Have you ever thought whether you can train differently, or cross train for events to both improve performance or protect against injury?

The Rottnest Channel Swim is a 19.7km open water swim from Cottesloe Beach to Rottnest Island.  Andrew has completed this swim 35 times and holds the record for the greatest number of solo crossings.

https://rottnestchannelswim.com.au/

Having an interest in rowing he has been using the indoor rower and ski erg to help with his preparation.

Andrew takes up the story:

‘I bought the Marathon/100k Plan from Fletcher Sport science and have been working through this with the view of doing a 100,000m on the rower.

I have had some competing interests that have made me insert some other cross training into the plan as I have also been training for a 19.7km open water swim that is held annually here in Perth Western Australia (Rottnest Channel Swim).

In previous years I have trained conventionally for a swimming event …  by swimming. This year I was looking for something different for the variety and as well as injury management and attained this through using the Fletcher Sport Science rowing guide with the Concept2 equipment.
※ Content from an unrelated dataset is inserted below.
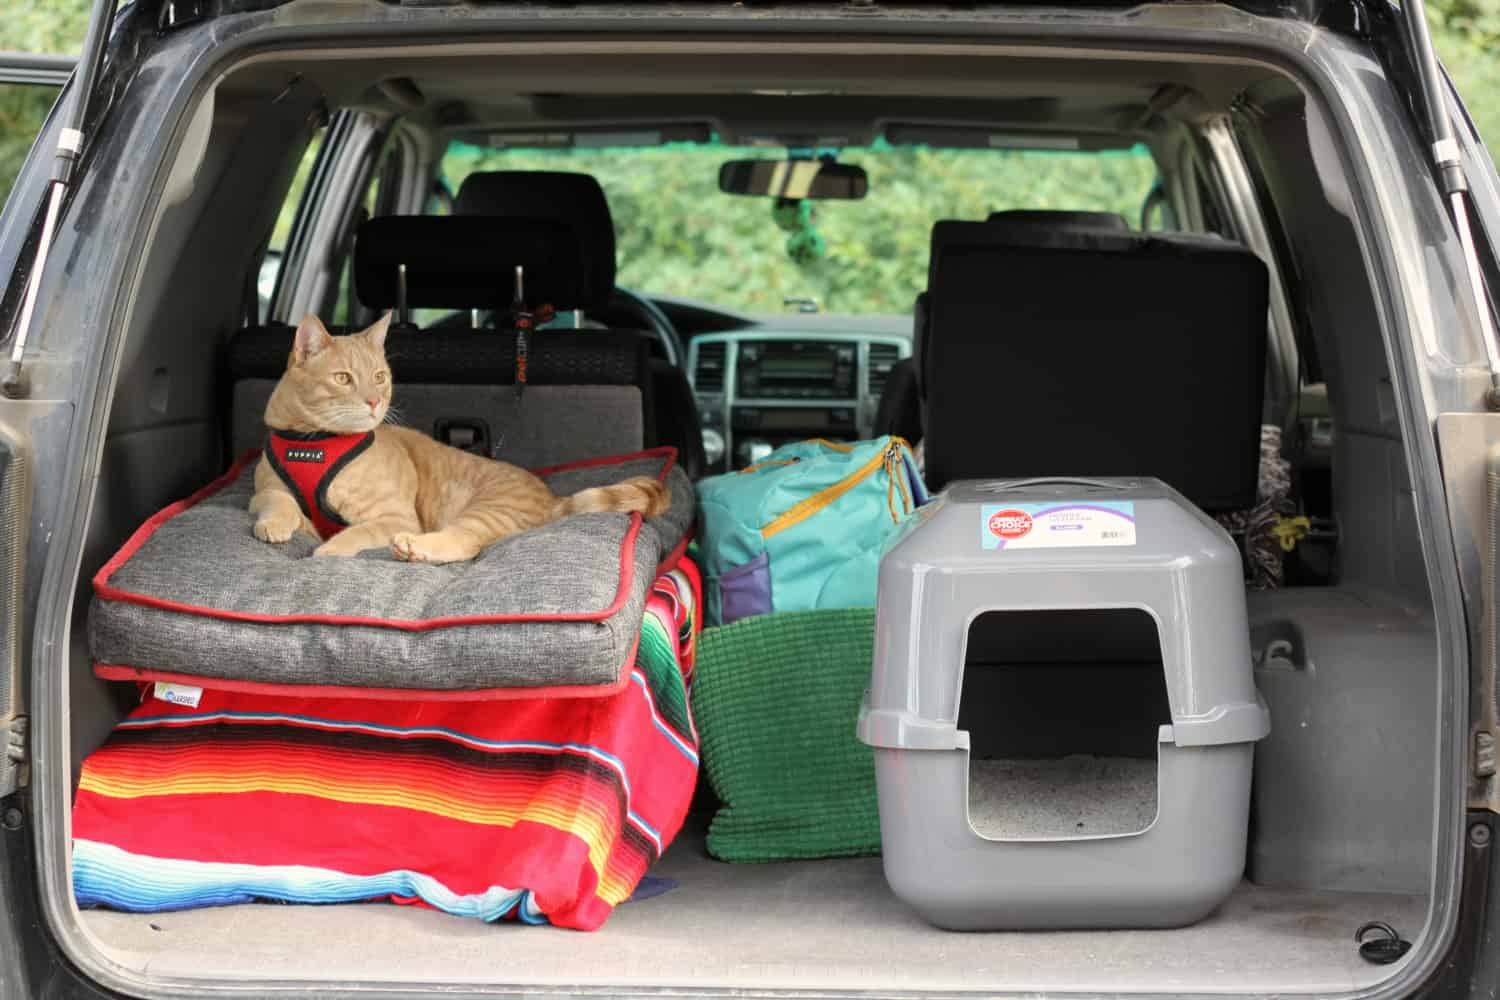 cat tips road trip with cat cat travel your cat tip cat make a cat traveling with a cat in a car taking a cat on a road trip safe foods for cats road trip with cat litter box tips for traveling with a cat cat have cat get cats in a car car trip with cat best cat carrier for road trip litter box tips foods that are safe for cats cats for cars taking your cat on a road trip best food for your cat traveling with your cat cat litter tips find your cat tips for road trips with cats for your cat cat carrier for road trip tips cat tips for getting a cat getting cat in carrier give cat cats and road trips best cat food for your cat cat carrier for car trip cat litter box tips road trip cat carrier taking cats on a road trip cat time cat food the cat the box do you cat tips for traveling with a cat in the car your the cats have you the cat litter box for road trip tips for having a cat foods cat can have cat food tips cat road trip litter box this is your cat give a cat your cat is be your cat give the cat cat cat litter box cat can can taking cat in car food to make for cats you are the best cat best food to give your cat cat in cat carrier your a cat the travel cat make your cat cat carrier for car with litter box the cat cat cat tips to get cat in carrier cats and traveling in cars tips for cat litter box road trip cat litter box taking a cat in the car cat names cat time cat microchip picture cat cat is cat get a cat cat can cat in the cat cat and cat images cat cat help help cat 10 cat cat road cat has if a cat cat trip cat & cat names to name your cat road cat if cat names for your cat a cat can cat on cat get the cat cat likes your kitty cat in cat cat on the road take cat if i was a cat i like your cat cat will kitty tips best products for cats will a cat cat is good cat and the cat microchip your cat get cat microchipped know your cat cats to be microchipped have cat if your cat if you have a cat do cats like road trips do you know cat cat by cat names to give your cat get kitty cat carrier for travel in car your cat name good names to name your cat tips for car travel with cats tips for traveling with cats in a car cat with a cat our cat cat litter best cat tips cat carrier tips cat and can food you can make for your cat kitty litter tips cat names cat take your cat traveling in the car with a cat car trip with a cat tips for cats in cars traveling with a cat tips tips on getting a cat tips for litter box foods you can give your cat do this to your cat litter tips traveling with a cat in car travel cat cat carrier cat tips road trip with cat your cat cat can tip cat traveling with a cat in a car road trip with cat litter box taking a cat on a road trip cat have cat get tips for traveling with a cat litter box tips car trip with cat cat litter tips best cat carrier for road trip taking your cat on a road trip cat carrier for car trip tips for road trips with cats cat carrier for road trip cat litter box tips tips cat tips for getting a cat cats and road trips tips for traveling with a cat in the car litter box for road trip road trip cat carrier cat road trip litter box taking cats on a road trip tips for car travel with cats make your cat tips for having a cat tips for traveling with cats in a car tips to get cat in carrier cats and traveling in cars tips for cat litter box road trip cat litter box traveling in the car with a cat car trip with a cat tips for cats in cars best cat tips cat carrier tips tips on getting a cat tips for litter box litter tips traveling with a cat in car traveling with a cat tips cat a cat traveling with cats in car long distance travel litter box for car get cat best cat carrier for long distance car travel cat carrier for long car trips cat carriers for car travel best cat carriers for car travel best cat carrier for cross country trip long distance travel with cats cat car travel litter box long road trip with cat best cat carrier for long car trips long car trip with cat litter box for car travel cat travel carrier for car long distance cat carrier cat carrier for long distance travel cat carriers for long distance car travel taking my cat on a road trip taking cats on long car journeys tips for taking cats on long car trips best cat carriers for long road trips long distance road trip with cats long car journey with cat cat long car journey best cat carriers for long distance travel cross country road trip with cat long distance travel with cats in car tips for traveling long distance with a cat taking a cat on a long road trip taking a cat on a long car journey cat long distance car trip long trips with cats cats on long road trips long trip with cat long road trip with a cat cat carrier long road trips traveling in car with cats long distance cats on long car journeys best cat carrier for long car travel long distance travel with a cat best cat carrier for car trips prepare cat for road trip traveling long distance with cats in car long car travel with cats the best cat carrier for travel in a car cat carriers for long trips car journey with cat road trip with my cat traveling cross country with a cat in a car travels with my cat travel long distance with cat in car take cat on long car trip travel litter box car traveling by car with a cat long distance road trip with two cats tips to prepare for cat traveling long distance in a car with a cat traveling with your cat in a car taking cats on car trips traveling in the car with cats tips for traveling long distance with cats traveling with cats long distance in car tips for getting cat in carrier long journey cat carrier road trip with cat travel litter box for car your cat traveling with a cat in a car cat can taking a cat on a road trip cat car travel litter box cat carriers for car travel road trip with cat litter box best cat carriers for car travel cat have long road trip with cat cat carrier for long car trips litter box for car travel cat travel carrier for car long car trip with cat car trip with cat best cat carrier for long car trips taking your cat on a road trip cat carrier for car trip best cat carrier for road trip taking my cat on a road trip cat carrier for road trip travel cat cat travel carrier cat animal cat car find my cat cat car carrier can cats travel cat litter box cat driving car cat in car car cats cat is cat pet carriers for cats make a cat cat in the cat cats can best cat carrier for car carrier cat create a cat cat and cat cat cats cat travel box cat trip travel with my cat cat on car does cat cat travel carrier with litter box cats on a car cat road cat and dog road trip cat car carrier with litter box if cat cat animal hospital best cat travel carrier my cat my cat cat has if a cat it is my cat traveling with your cat cars for cats pet your cat feeding your cat cat & cat cat on vacation cat is a animal road cat cats and cars a cat can cat on my car cat on cat best pet carrier for cats teach cat to use litter box cat using litter box take a cat long drive with cat make your own cat cat on the road take cat if i was a cat go to cat find your cat for your cat taking cat to vet traveling with a cat litter box places to take your cat the cat is on the car cats and travel my own cat cat will if my cat the cat is in the car my cat pets me to my cat taking cat on vacation know your cat cat is an animal go to cat cat cat need carrier for 2 cats a cat carrier make your own cat litter trip the dog pet carrier for 2 cats will a cat if your cat there is a cat on my car cats on the road make your own litter box if you have a cat take your cat to the vet day cat and the cat petting your cat will the cat create your own cat cat in a cat cat on the car time travelling cat a cat car your pet cat cat going taking your cat on vacation cat cat car cat visit times to feed cat do you cat best place to pet cat best carriers for cats your the cats cat travel medication dog cat carrier cat does teach cat cat carriers for 2 cats road trip road trip planner the road trip road trip ideas best road trip planner car trip travel tips travel planner things to do on a road trip road trip tips travel plan road trip with dog trip planner map things to take on a road trip best road trip road trip map road trip places road trip map planner trip ideas blog travel car trip planner things to do on a road trip in the car map a trip best trip planner plan your road trip trip places dog friendly road trips road trip with dog planner road trip with friends trip planner road trip things you need for a road trip places to go on a road trip travel tips and tricks best places to road trip a road trip car road trip take a road trip best places to go on a road trip go on a road trip pet friendly road trip planner road trip blog travel planner map going on a road trip trip blog dog friendly road trip planner travel by road travel trip planner best road trip ideas plan a trip for me road trip advice road trip to places to take a road trip best road trip map best travel planner things for a road trip road map planner things to do on a road trip with friends road trip travel map your road trip plan your travel help me plan a trip go pet friendly road trip needs road travel planner road trips to take help me plan a road trip taking dog on road trip road trip travel planner travel tricks help planning a trip road to trip things needed for a road trip road trip from the travel planner trip your plan best places to road trip to on the road trip best places to take a road trip road trip tips and tricks the best road trip best places to road trip with friends plan your trip map best road trips with dogs trip in car plan road help planning a road trip things to do on a car trip on road trip road trip with your dog do a road trip planning a trip with friends pet friendly road trip best things for a road trip best road trip tips i need a road trip best road trip dogs road travel tips best things to do on a road trip best things to take on a road trip best things for road trips best road trip map planner road trip with pets road trip with you road trip road trip tricks and trips plan of travel a travel plan road travelling car road trip planner i plan to travel tips for planning a road trip plan a trip to road trip by car pet friendly trip planner map a trip by car road trips are the best car travel planner car trip ideas car and trips plan a road trip for me travel planning tips things to do in road trip tips for taking dog on road trip best road trips to take road trip with best places to go on road trip things to plan for a trip road trips to go on trips planned for you trip tricks go for a road trip road map for travel traveling on the road places to go on a road trip with friends best places to go on a road trip with friends by road travel road trip car ideas i need help planning a trip road trip help go to road trip best travel map planner road trips to go on with friends road trip travel tips travel with a plan road trip tricks go pet friendly road trip planner places to road trip with friends best dog road trips best dog friendly road trips trip planning tips best tips for road trips car trips with dogs things to take with you on a road trip for a road trip a car of travelers road trips to take with your dog things to take for a road trip trips to plan places to plan a trip best place to plan a trip road trip is car trip tips best road trips to take with your dog road trip car tips places for a road trip plan me a road trip to go on a road trip things to take for road trip dogs and road trips best road trips with your dog road trip with car things needed on a road trip places to go on a road trip to things i need for a road trip need a road trip about your trip about road trip best road trips for dogs tips for taking dogs on road trips travel planner ideas need help planning a trip best places to take a road trip to road trip ideas with friends to plan a trip things to plan for a road trip road trip for dogs road trip things to do in car road travel map trips to plan with friends things to do road trip planner trip on road map planner for trips road trip a road trip trip the travel plan best places to take a road trip with friends things to take in a road trip road trip road friends on a road trip best map for travel planning best road trips from best places to road trip with your dog planning on a trip dog friendly trip planner planning a road trip with a dog road trip ideas with dog places to go to on a road trip places to go in a road trip road trip travellers best road trip advice best trip planning map plan for the trip road trip in a car maps for traveling by car things you need in your car for a road trip help me to plan a trip road trip with pets planner plan your car trip taking a road trip with your dog road trip on travel planner blog travel planner with map things to do in a car road trip roads to travel dog on a road trip tips to plan a trip planning road trip with dog road trips to take with friends trip road trip road trip to do planner road best places to do a road trip travel by plan travel plan it for road trip best car trip planner planning to go travelling trips that are planned for you things to take in the car on a road trip road trip travel blog by road trip travel planning help plan your road trip map best friend road trips tips and tricks travel plan trip to road trip me tips for going on a road trip pet trip planner things to do for a road trip the best trip planner best car trip road trip planner with pets take a road trip to planning a trip tips dog friendly road trip ideas home to go pet friendly road trip it trip planner ideas road trip with me planning a road trip with friends trip planning ideas trip it travel planner things to take on a car trip need help planning a road trip best road trip roads things to do on your road trip i need to plan a trip trip trip planner on the road road trip in need of a road trip friend road trip ideas tips and tricks for road trips tips for taking a road trip plan trip on a map traveling with cats in car long distance travel cat cat carrier cat car cat car carrier best cat carrier for car road trip with cat travel litter box for car traveling with a cat in a car travel cat carrier travel cat litter box moving with cats best cat carrier for long distance car travel cat travel cage your cat cat travel box cat carriers for car travel best cat carriers for car travel get cat cat car carrier with litter box cat car travel litter box traveling long distance with a cat long car rides with cats road trip with cat litter box cat carrier for long car trips traveling litter box taking a cat on a road trip long road trip with cat cat trip litter box for car travel cat travel carrier for car cat and dog road trip cat cage for car cats and car rides long distance cat carrier moving with cats in car best cat carrier for long car trips moving long distance with cats best cat travel carrier car trip with cat cat carriers for long distance car travel best cat carrier for road trip car safe cat carrier car for cats long car trip with cat cat carrier for car trip cat carrier for long distance travel cat car ride cats and long car rides taking your cat on a road trip taking cats on long car rides car cat litter box best cat harness for car travel cat carrier for road trip best cat carriers for long road trips best cat carriers for long distance travel cat carrier for car rides best long distance cat carrier cats on car rides best pet carrier for car travel cat harness for car travel long distance road trip with cats road trip cat carrier moving with a cat in a car cat car travel cage cats and road trips cat cage for car travel long distance travel with cats in car carrier for cats in car taking cats on a road trip cats and traveling in cars cat litter for travel best cat carrier for long car travel taking a cat on a long road trip the best cat carrier for travel in a car taking cat in car cat car travel carrier with litter box car carrier cat best cat carrier for car trips cat carriers for long car rides litter box for road trip cat long distance car trip taking cats on car rides long trips with cats cat carrier for long road trips cats on long road trips long trip with cat long road trip with a cat cat road trip litter box traveling long distance with cats in car cat litter travel long car travel with cats cat long distance travel cage road trip with cat and dog traveling in car with cats long distance cat carriers for long trips long distance car ride with cats safe cat carrier for car taking cats in the car long distance travel with a cat road trip cat litter box taking a cat in the car dog and cat road trip travel long distance with cat in car taking a cat on a long car ride long car ride with a cat traveling in the car with a cat moving cats long distance car car trip with a cat travel litter box car traveling by car with a cat long distance traveling with a cat in car traveling long distance in a car with a cat cat car ride on cat dog road trip take cat on long car trip traveling with cats long distance in car traveling with your cat in a car taking cats on car trips traveling in the car with cats road trip the road trip road trip podcasts go on a road trip go trips going on a road trip a road trip road trip journal road trip video on a road trip road trip to trips to go go on trips road to trip road trip from on the road trip on road trip podcasts for a road trip road trip company trip on the road road trip in road trip road trip go for a road trip go to road trip podcasts for road trip road trip with road trips to go on to go on a road trip road and trip podcasts about road trips road the trip road a trip road trip is road trip business about road trip trip on road road trip a road trip trip road trip road road trip on road trip i trip road trip for road trip road trip pro by road trip cat backpack cat tips travel cat cat leashes road trip with cat your cat cat travel backpack shop cat travel cat harness harness cat your cat backpack best cat backpacks cat you cat road the traveler cat backpack cat trip road cat cat backpack travel cat on the road for your cat cat harness backpack cat going know your cat backpack for your cat cat and you best cat travel backpack travel with your cat travel cat shop tips for road trips with cats backpack with cat this is your cat your cat is be your cat cat backpack with harness your a cat cats and road trips should cat cat harness with backpack cat harness on cat going cat cat in cat backpack cat travel pack the backpack cat cat travel back pack get your cat your cat backpack harness your cat back pack cat harness and backpack and your cat a backpack for your cat backpacking with your cat travel cat cat tips road trip with cat your cat shop cat cat you cat trip travel cat shop tips for road trips with cats cat and you cats and road trips travel litter box traveling with cats in car long distance cat travel carrier cat travel bag cat car carrier best cat carrier travel litter box for car traveling with a cat in a car things to know before getting a cat travel cat litter box best cat carrier for car best cat carrier for long distance car travel cat carrier with litter box things to know about cats you are a cat cat travel box things you need for a cat get cat cat car carrier with litter box tips for traveling with a cat taking a cat on a road trip cat car travel litter box traveling long distance with a cat cat carriers for car travel you are cat road trip with cat litter box best cat carriers for car travel cat carrier for long car trips cat travel carrier with litter box long road trip with cat things cats need litter box for car travel cat travel carrier for car cat on vacation you can do it cat long distance cat carrier travel litter traveling with your cat best cat travel carrier long car trip with cat car trip with cat travel cat litter best cat carrier for road trip a cat carrier best cat carrier for long car trips traveling with a cat litter box car cat litter box cat carrier for car trip cat carriers for long distance car travel cat for you best travel litter box taking cat on vacation cat carrier for long distance travel things you need to know before getting a cat cat travel bag with litter box cat need taking your cat on a road trip the best cat carrier do cats need road trip with cat advice cat carrier for road trip things you need for cats long distance road trip with cats best cat carriers for long distance travel things you need to know about cats tips for taking cats on long car trips best long distance cat carrier tips for traveling with a cat in the car things to do before getting a cat things i need for a cat things you need before getting a cat long distance travel with cats in car best cat carriers for long road trips cats and travel cat litter for travel long distance cat carrier with litter box things needed for cat taking cat in car road trip cat carrier tips for traveling long distance with a cat best cat litter box for travel before you get a cat tips for getting a cat taking your cat on vacation do you cat things you need for your cat you are the cat best travel bag for cats the travel cat travel carrier for cat with litter box litter box for road trip cat long distance car trip do you know cat carrier for cats in car things to know before you get a cat places you can take your cat taking cats on a road trip traveling long distance with cats in car cats to you cats and traveling in cars cat carrier long road trips taking cats in the car long car travel with cats best cat carrier for long car travel taking a cat on a long road trip you need a cat the best cat carrier for travel in a car best travel cat litter box you are the best cat cat with you cat things to know car carrier cat best cat carrier for car trips you are the cats taking a cat in the car best cat for traveling long trips with cats cats on long road trips long trip with cat tips for car travel with cats litter travel long road trip with a cat cat road trip litter box travel for cats best cat travel bag best cat litter for travel tips for traveling with cats in a car do cats know you best cat for you things to know about a cat things to know about getting a cat cat things you need long travel with cat cat tips road trip with cat travel cat your cat traveling with a cat in a car get cat taking a cat on a road trip tips for traveling with a cat cat trip traveling with your cat car trip with cat taking your cat on a road trip tips for road trips with cats tips for getting a cat do you cat tips for traveling with a cat in the car taking your cat on vacation cats and road trips tips for car travel with cats taking cats on a road trip cats and traveling in cars tips for traveling with cats in a car taking cat in car the travel cat taking a cat in the car travel for cats cat adoption cat car cat shelter cat home cat care cat dogs cat in car find my cat cat care tips cat cars petfinder cat cat can taking care of a cat cat cats tip cat cat on car help cat if a cat cat road cat search videos for your cat cat and dog road trip bringing a cat home cats and car rides my cat my cat cat has cat videos for your cat car and dog cat have my home cat pet your cat cat get cats on a car go to cat travel with my cat road cat if cat cat find adopting a cat tips it is my cat pet and cat cat on the road cat vacation care car for cats if i was a cat for your cat cat will cat on my car if my cat cat and car give cat to my cat find a home for my cat go to cat cat taking my cat on a road trip if your cat cat car ride tips find your cat help my cat petting your cat cats on car rides cat on the car tips cat pet adoption cats cat going car rides with cats animal shelter cat adoption your the cats caring for your cat this is your cat your cat is be your cat if you have a cat a cat car cat for a car for cats video your pet cat cat cat car pet for cat take my cat have you the cat car to cat tips for having a cat my cat i give a cat a home getting a dog with a cat cat is a pet getting a cat with a dog bringing a cat home to a dog give a cat give the cat cat can can my cat home road trip with cat and dog take care of your cat cat riding car get my cat my cat a getting a cat for my dog your a cat pet cat care tips i my cat the cat cat cat cat pet tips bringing your cat on vacation tips for cats in cars pet of cat cat of car a cat in a car tips for taking care of a cat dog and cat road trip taking cats on car rides take your cat traveling in the car with a cat pet and the cat car trip with a cat car for a cat pet shelter cat road trip with my cat tips for taking care of cats cat to car tips on getting a cat give your cat for adoption do this to your cat cat dog road trip traveling with a cat in car traveling with a cat tips traveling with your cat in a car taking cats on car trips traveling in the car with cats adopting a cat from a shelter tips cat tips road trip with cat your cat cat can tip cat traveling with a cat in a car taking a cat on a road trip help cat cat road tips for traveling with a cat cat has if a cat cat have cat trip cat get road cat if cat car trip with cat cat on the road if i was a cat taking your cat on a road trip cat will traveling with your cat find your cat tips for road trips with cats for your cat tips cat tips for getting a cat give cat cats and road trips if your cat if you have a cat taking cats on a road trip do you cat tips for traveling with a cat in the car your the cats have you the cat tips for having a cat this is your cat give a cat your cat is be your cat give the cat cat can can taking cat in car your a cat the travel cat tips for car travel with cats the cat cat cat tips for traveling with cats in a car cats and traveling in cars taking a cat in the car take your cat traveling in the car with a cat car trip with a cat tips for cats in cars traveling with a cat tips tips on getting a cat do this to your cat traveling with a cat in car cat names cat time cat microchip picture cat cat is cat cat travel get a cat cat in the cat cat and cat images cat cat help make a cat 10 cat safe foods for cats road trip with cat litter box cat & cat names to name your cat names for your cat a cat can cat on cat get the cat cats in a car cat likes your kitty cat in cat best cat carrier for road trip litter box tips take cat foods that are safe for cats cats for cars i like your cat best food for your cat cat litter tips kitty tips best products for cats will a cat cat is good cat and the cat microchip your cat cat carrier for road trip getting cat in carrier get cat microchipped know your cat cats to be microchipped best cat food for your cat have cat cat carrier for car trip do cats like road trips cat litter box tips road trip cat carrier cat time cat food the cat the box litter box for road trip do you know cat foods cat can have cat food tips cat by cat cat road trip litter box names to give your cat cat cat litter box get kitty cat carrier for travel in car your cat name food to make for cats you are the best cat best food to give your cat cat in cat carrier good names to name your cat make your cat cat carrier for car with litter box cat with a cat our cat cat litter best cat tips cat carrier tips cat and can tips to get cat in carrier tips for cat litter box food you can make for your cat road trip cat litter box kitty litter tips cat names cat tips for litter box foods you can give your cat litter tips travel cat cat carrier cat tips best cat road trip with cat traveling with cats in car long distance find my cat relax my cat anxious cat cat travel your cat calm cat create a cat tip cat my cat is my best friend travel litter box for car best way to pet a cat make a cat traveling with a cat in a car get cat things to do with your cat cat guide cat safety cat down best cat carrier for long distance car travel safe foods for cats taking a cat on a road trip long car rides with cats road trip with cat litter box cat have cat carrier for long car trips cat carriers for car travel best cat carriers for car travel calm cats down best way to prepare for cat cat get tips for traveling with a cat long distance travel with cats travel with my cat cat and dog road trip cat car travel litter box long road trip with cat my cat my cat cat times it is my cat cats in a car calm my cat cat using litter box pet your cat list cat keeping a cat litter box tips best cat carrier for long car trips go to cat foods that are safe for cats cats for cars cat with down cats and car rides long car trip with cat ways to pet your cat best food for your cat my cat is anxious cat on my car car trip with cat traveling with your cat my cat pets me cat litter tips best cat carrier for road trip litter box for car travel cat travel carrier for car get cat to use litter box cats and long car rides go to cat cat getting cat used to harness taking your cat on a road trip help me find my cat long distance cat carrier things to make for your cat things to get your cat taking cats on long car rides keep calm cat cat food go find your cat best way to get cat in carrier for your cat petting your cat taking your cat camping cat carrier for long distance travel ways to calm a cat cat in hotel cat going calming cats for travel getting cat in carrier cat carriers for long distance car travel calm your cat cat use to get food give cat cat road trip essentials to my cat cats riding in cars things to get for your cat taking my cat on a road trip getting a cat used to a harness relax your cat camping with your cat taking cats on long car journeys things to do with my cat tips for taking cats on long car trips tips for road trips with cats giving cat food to dogs best cat food for your cat best way to calm a cat road trip with cat advice cat carrier for road trip cat car ride tips things for your cat best cat carriers for long road trips things to make for cats cat carrier for car trip long distance cat carrier with litter box giving dogs cat food keep the cat help my cat things your cat needs my friends cat long distance road trip with cats best way to get a cat cat litter box tips my cat hotel relax cats giving dog food to cats long car journey with cat cat time cat food your pet cat tips cat get me a cat best way to travel with a cat in a car tips for getting a cat the cat the box tips for long car rides with cats do you cat things you need for your cat my cat friend keep cat calm in car best way to pet your cat cat long car journey best cat carriers for long distance travel cats and road trips your the cats take my cat have you the cat cat on the way calm my cat down long distance travel with cats in car my cat i cat carrier for car rides foods cat can have best way to road trip with cats getting a dog with a cat road trip cat carrier cats on car rides calming an anxious cat taking cats on a road trip getting a cat with a dog this is your cat my best friend is my cat make cat use litter box calming cat carrier your cat is give a cat be your cat give the cat best ways to travel with a cat calm cat carrier cat cat litter box taking a cat on a long road trip cat harness for car travel cat can can things to do to your cat taking cat in car food to make for cats best way to travel with cats in a car you are the best cat getting a dog used to a cat create your cat relaxant for cats taking a cat on a long car journey calm your cat down getting dogs used to cats my cat a litter box for road trip getting a cat for my dog cat long distance car trip things that calm cats down best food to give your cat calm cat in car cat in cat carrier getting cats used to dogs cats on long road trips long trip with cat your a cat the travel cat make your cat tips for traveling with a cat in the car ways to calm your cat ways to calm down a cat my cat needs a friend best way to travel with cats long distance cat carrier for car with litter box my cats are my best friends long road trip with a cat foods i can give my cat i my cat cat road trip litter box the cat cat cat ways to find your cat tips for having a cat getting your cat used to a harness cat carrier long road trips keeping cat as a pet cat food tips keep calm and cat road trip with cat and dog get cat used to carrier cat safety tips tips for traveling long distance with a cat tips to get cat in carrier cats and traveling in cars long distance car ride with cats cats on long car journeys things you can do with your cat tips for cat litter box best cat carrier for long car travel tips for cats on long car rides calming for cats travel cat harness tips long distance travel with a cat best cat carrier for car trips road trip cat litter box taking a cat in the car road trip with cat litter box how to transport a cat by car long distance road trip with cat reddit traveling with a cat in a car how to travel with 2 cats in a car long distance traveling with a cat on a plane traveling with a cat internationally 20 hour car ride with cat

I found the guide good as it gave me what I needed to do instead of going out to my training room and floundering around not achieving anything.

I also found the guide a sensible way to train as it was building endurance without excessive pressure on joints. The volume of training I was able to do, working through the program was much higher than I could have done if I had purely done swimming training and I will certainly train the same way again next year.

I only trained in a pool 10 times and the rest of my training was on the Concept2 Rower and more recently included the Ski Erg. I believed that the 100k plan was a comparable in terms of duration to the swim.

The swim took place on the 20th of February 2021 and I completed it in 7h49m42s. I approached it remarkably like the same discipline that is used for my stroke rate 18-20 at 100KP pace, which for me is 2.22/500m.

It was quite choppy, and many swimmers had to withdraw as conditions deteriorated. In the past I have found these conditions very fatiguing through my core but this time I was pleasantly surprised at how comfortable I felt in the water for the duration of the swim focussing on the swimming equivalent of the 100KP pace.

There really was a correlation in feeling/result between the two sports which pleased me as I did have some mild feelings of apprehension in the days before as I hadn’t done a lot of training in the water.

I am not fast on the rower, but I certainly believe that through training I can be quicker and will also become quicker in the water. I did complete some of the marathon training sessions in between the 100k training. Perhaps some more of these might make me a bit faster? I really noticed the difference in my heart rate and performance up to 75% of maximum heart rate.

This was my 35th Rottnest Channel Swim Solo Crossing and I was just looking for a different way to train that also reduced wear and tear on the shoulders.’

Andrew is hoping to complete his 100k row in the coming weeks after he has recovered from the swim.